The arena has fans up to the rafters, and it’s time to get the action going. With fireworks locked and loaded, it’s time for day 1 from Omaha.

Men’s 400 IM

And this was it. The matchup between Michael Phelps, the greatest ever; Ryan Lochte, the greatest of right now; and Tyler Clary, the underdog hungry to win it all. The redux of this monumental event would be incomplete with acknowledging that for all of the fans wondering who will win and who will win 2nd, the motto of the 2012 Olympic Trials is whoever is 1st is 1st and whoever is 2nd is also 1st.

With that being said, I think that Ryan Lochte firmly established himself as number one in this race. He blew away the field in the breaststroke (he’s now clearly a better breaststroker than Phelps, whereas two years ago it was fairly even), and then had opened the gap to almost two seconds before almost a Usain-Bolt-esque final 10-meters. Lochte was even faster than a great butterflier Chase Kalisz in this swim.

Lochte touched first in 4:07.06, clearly the best time in the world this year, and Phelps was 2nd in 4:07.89. Lochte’s time is faster than he was at last year’s World Championships where he won the gold medal (and Phelps was better than anybody not named Lochte was in 2011). Phelps still holds the textile-best in 4:06.22, but Lochte’s time was the second fastest 400 IM ever done not in rubber.

To answer the question, I think this result elaborates on what Bob Bowman said in an interview earlier today: the goal here is to make the team. 8-tenths is not enough to scare Phelps, the greatest swimmer ever, from anybody. But Lochte continues his streak of dominance in the race, and he’s got no reason to be scared anymore either. Two fearless.

Though he finished 3rd, and off of the Olympic Team, in 4:09.92, Tyler Clary really put the first charge into this 400 IM final, when he broke open a big lead in the first three strokes of the backstroke. At the turn of that backstroke leg, By the time they got to the turn, though, Phelps and Lochte had caught on and fought their way back.

With the flare of pyrotechnics in the form of flames 15-feet high in literally feet from their face, the rest of the field seemed demoralized. In 4th was Andrew Gemmell in 4:16.07. Michael Weiss from Wisconsin continued his incredible run from nowhere in the last 6-months by taking 5th in 4:16.31. That’s 5-seconds faster than he had ever been coming into this meet.

Women’s 100 Fly Semifinal

Dana Vollmer said that she was going to break the World Record in this meet. She might not have meant the semi-finals, but she surely took her blistering prelims swim up to another level with a 56.42 in the 2nd heat of the women’s 100 fly semi-final. That’s both the fastest time ever swum in textile and a new American Record, in both cases cracking her 56.47 from last year’s World Championships in Shanghai.

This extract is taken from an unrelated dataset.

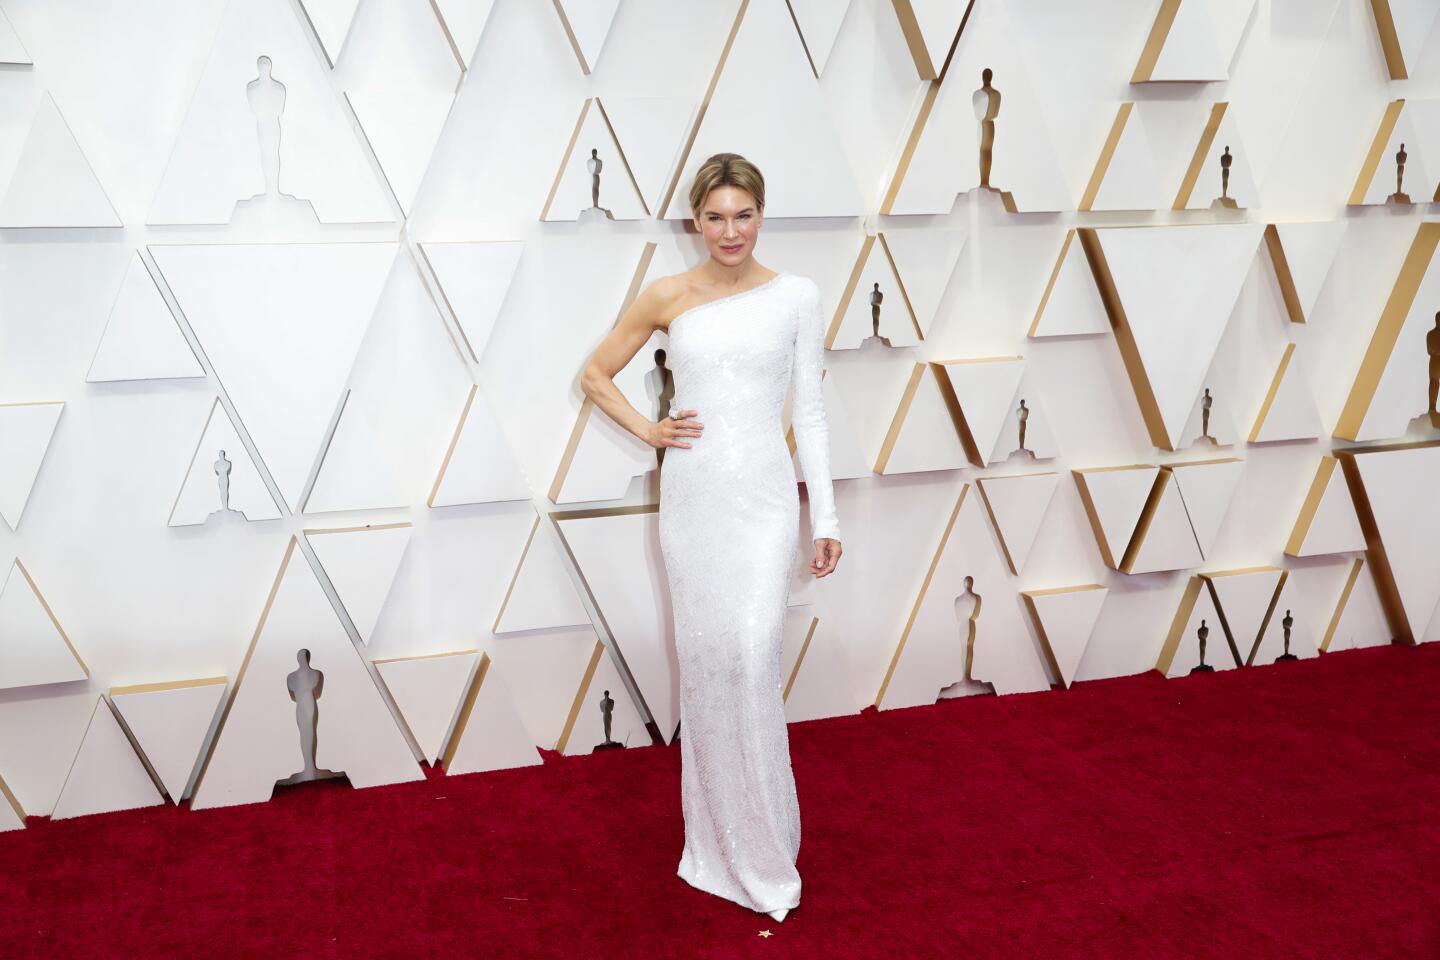 Janelle Monáe Wears a Crystal Hooded Dress to the 2020 Oscars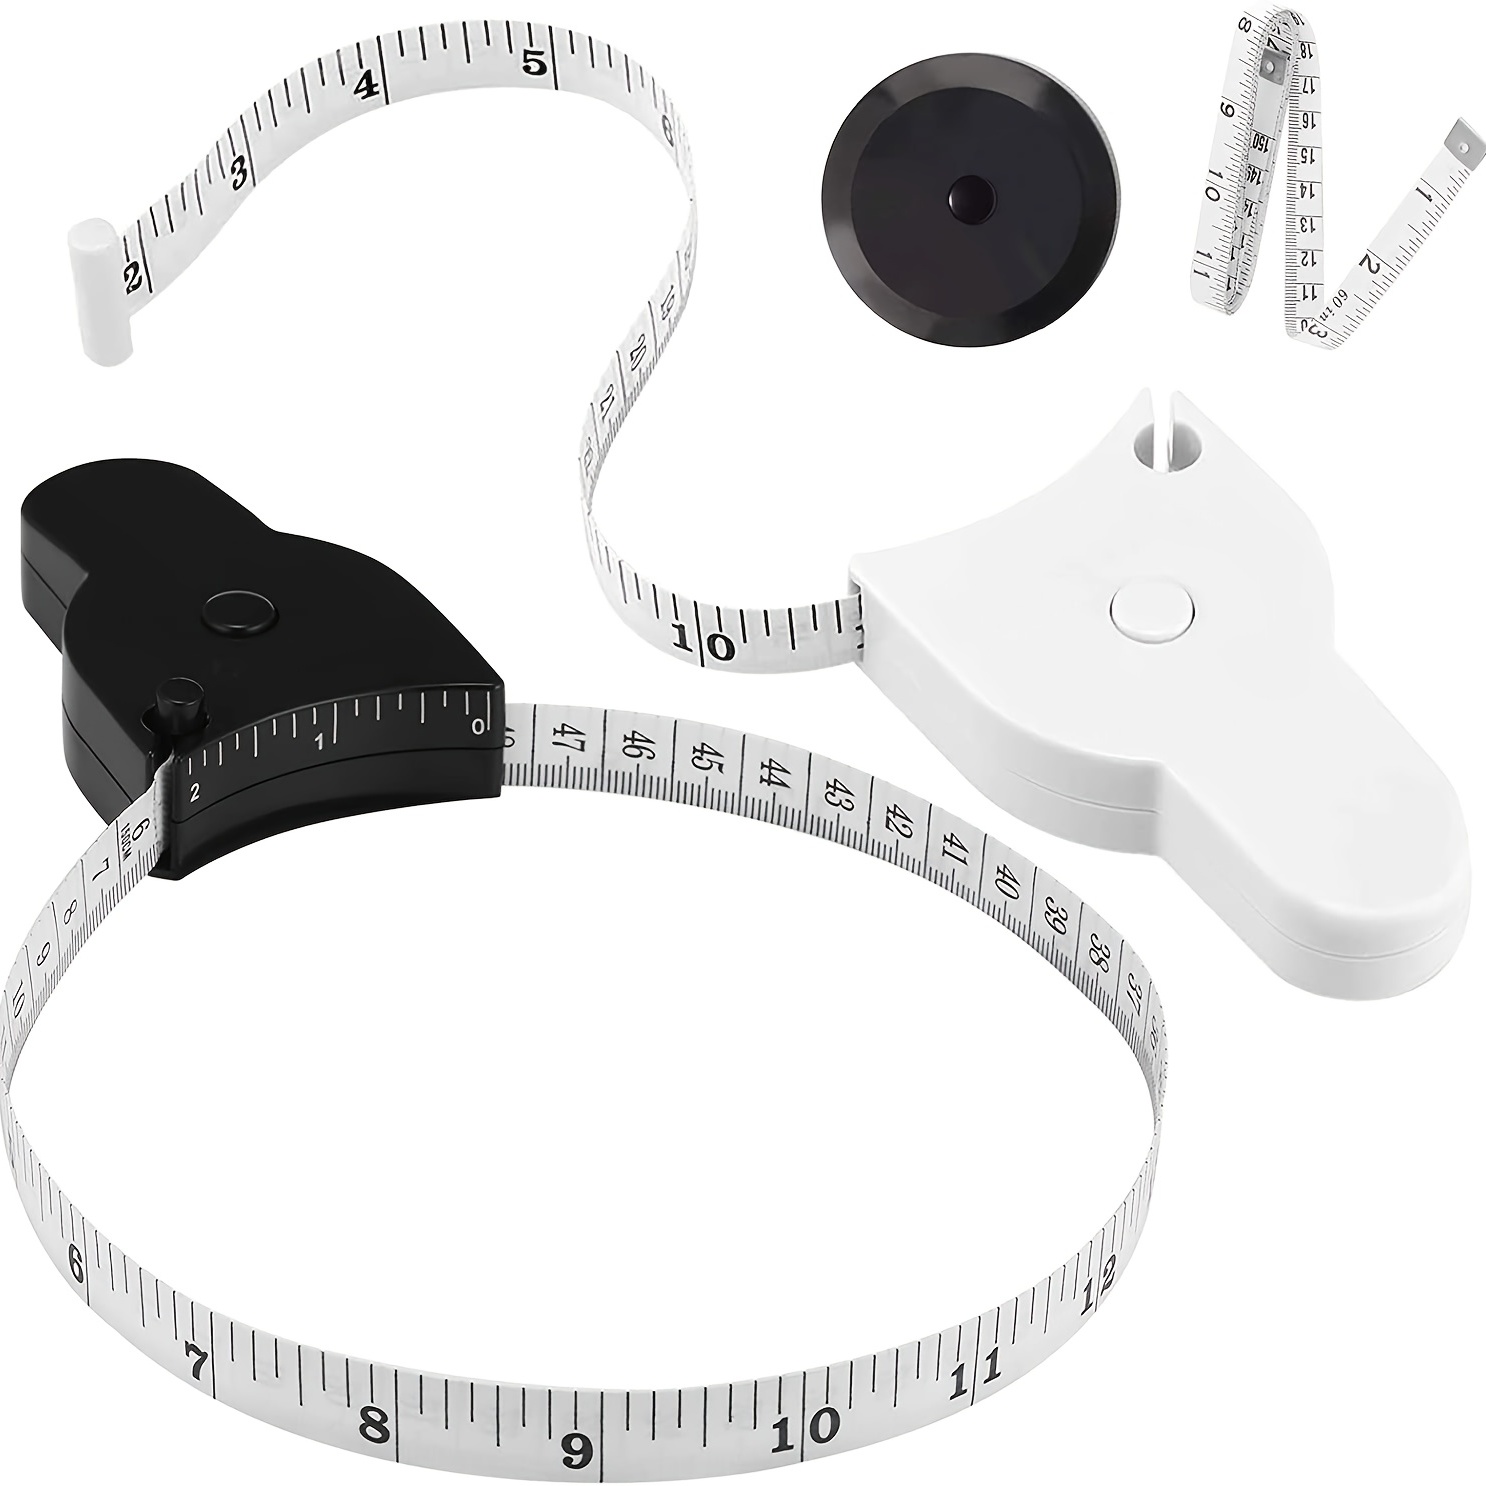 OSALADI 6pcs Tape Measure Body Measuring Tape Retractable Measure

Vollmer seems to still be on track to break the World Record if she can hold things together for finals. She is taking her races out WAY faster this year than last year, a look at the comparative splits below demonstrates that.

Vollmer ’11: 26.63-29.84
Vollmer ’12: 26.42 – 30.00

She needs to be able to hold it together and finish under 30 seconds though.

Now the question is for her competitors what will Vollmer do in finals. Last year in Shanghai, she was four-tenths slower than that record in final. That still means we’d need two swimmers who can go 56.8’s in finals to keep her off of the team.

Vollmer pulled her heat with her, as that second final pulled in the three-fastest morning times, with Elaine Breeden continuing to impress in 58.81 for the 2nd seed, and Kathleen Hersey just behind in 58.19. After saying she didn’t like her swim in prelims this morning very much, that’s a big half-second drop for her and just misses her lifetime best in the race.

Moral of the story, nobody’s going to get to Vollmer in finals. The pressure is off her. Claire Donahue, who was a 57 in prelims, wasn’t as good in this race with a 58.53 to tie with Tennessee’s Kelsey Floyd for 6th in 58.53 (a great time for Floyd, not as much for Donahue). Christine Magnuson just snuck into the top 8, again, with a 58.72.

Men’s 400 Free Final

This men’s 400 free was the most exciting 400 free race we’ve seen on American soil in a long, long, time, if not ever. But for all of the jockeying of positions in the top four swimmers of this race: only two men ever held the lead: Charlie Houchin for the majority of the first 375 meters, and Peter Vanderkaay for the last half-a-lap. Houchin simply burned out at the end of the race: his closing 50 of 29.38 was the second-slowest in the entire field, and the first 350 doesn’t mean anything without that final 50.

Vanderkaay didn’t really close so hot himself, but did enough work for 3 minutes to stay in the hunt that he was in position to grab the win in 3:47.67. If he’s tapered, that will be a very disappointing time from his 3:44.8 last year. He was out about as fast, but he didn’t have as big of a kick around the 300 meter mark. Dwyer was 2nd in 3:47.83, which is three-seconds better than he had ever been coming into this race. If he and Vanderkaay are truly on the same training schedule, and there’s definitely no guarantees of that, he could be the better in London.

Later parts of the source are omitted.